→ Exercise details
Set out exactly every line of the entries below, starting at the line that holds "Elaeagnus angustifolia oleaster" and stopping after the line that holds "Anlage 4 Auswirkungsanalyse".

→ Extracted data
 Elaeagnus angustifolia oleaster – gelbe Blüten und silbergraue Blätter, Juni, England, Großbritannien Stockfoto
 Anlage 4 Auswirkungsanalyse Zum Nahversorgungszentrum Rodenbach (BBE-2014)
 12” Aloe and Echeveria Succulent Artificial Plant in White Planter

...

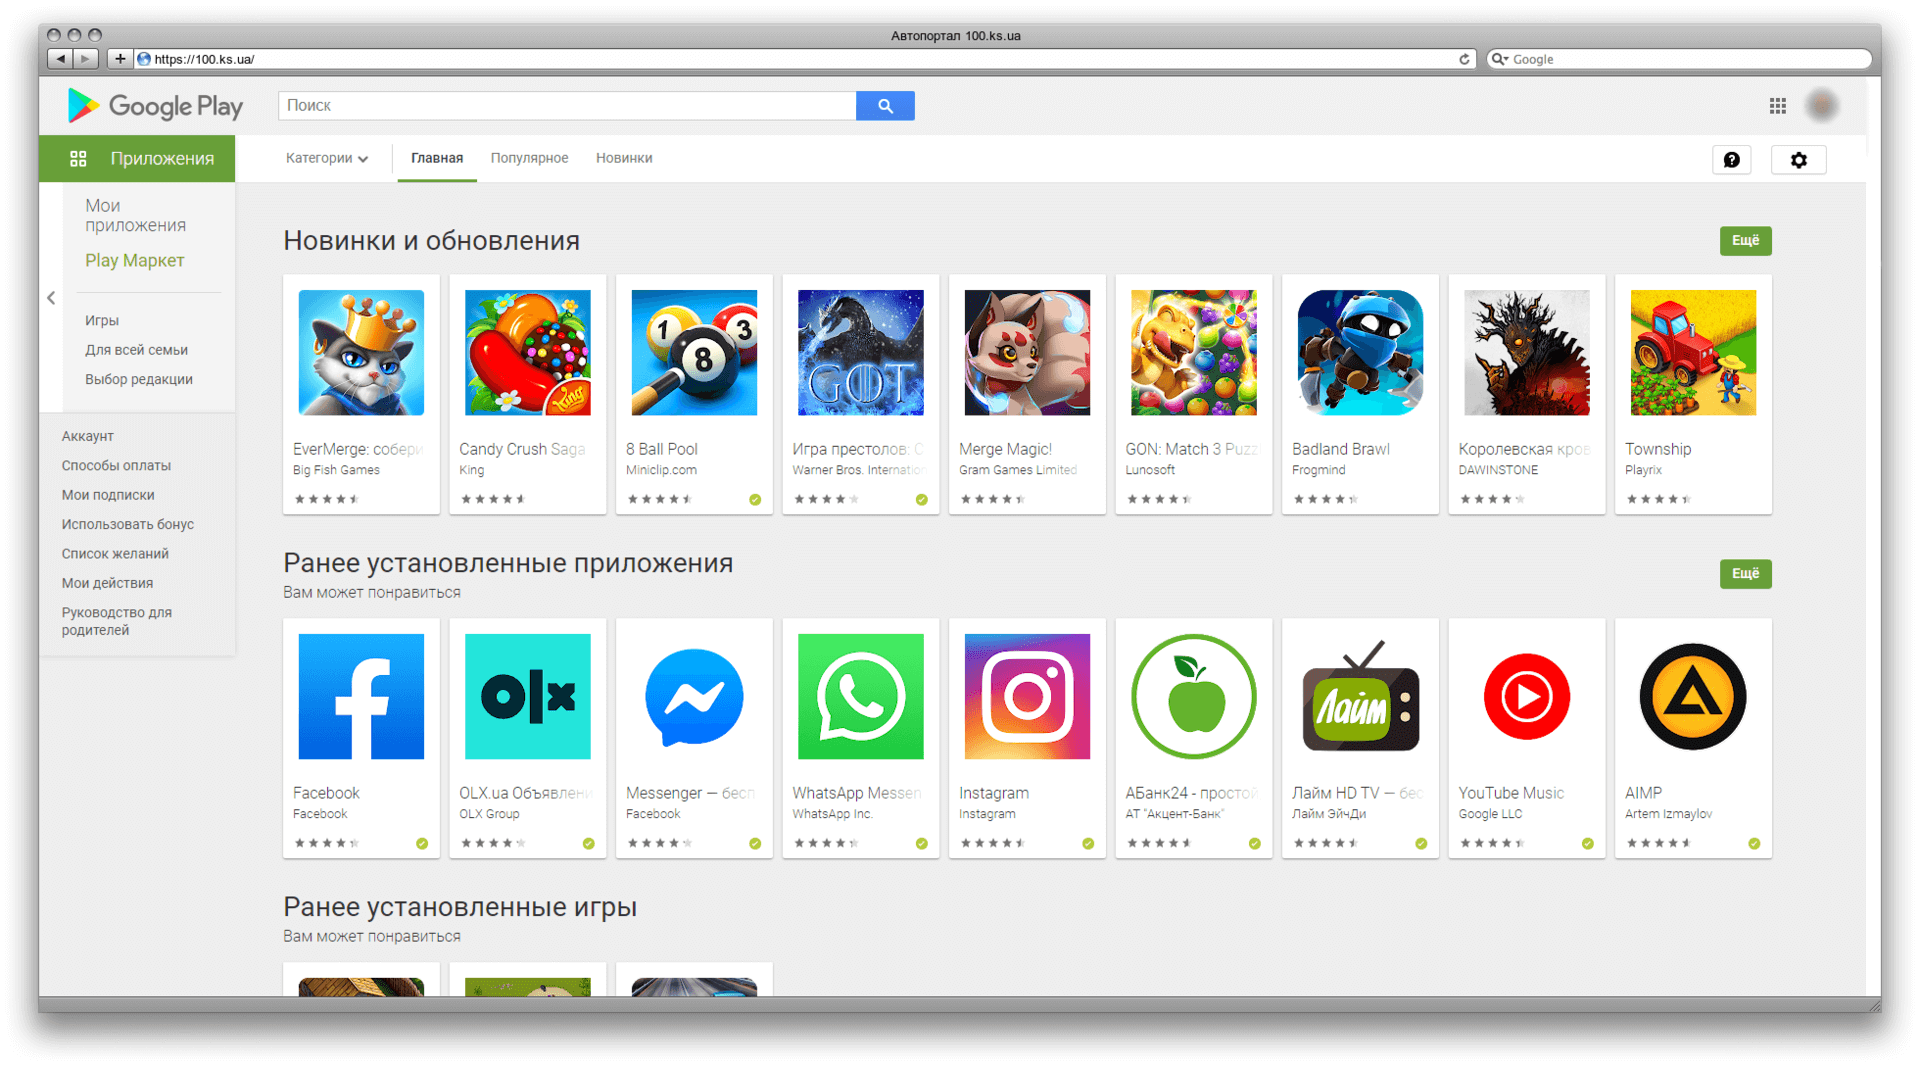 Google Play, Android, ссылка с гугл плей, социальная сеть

→ Completed exercise
 Elaeagnus angustifolia oleaster – gelbe Blüten und silbergraue Blätter, Juni, England, Großbritannien Stockfoto
 Anlage 4 Auswirkungsanalyse Zum Nahversorgungszentrum Rodenbach (BBE-2014)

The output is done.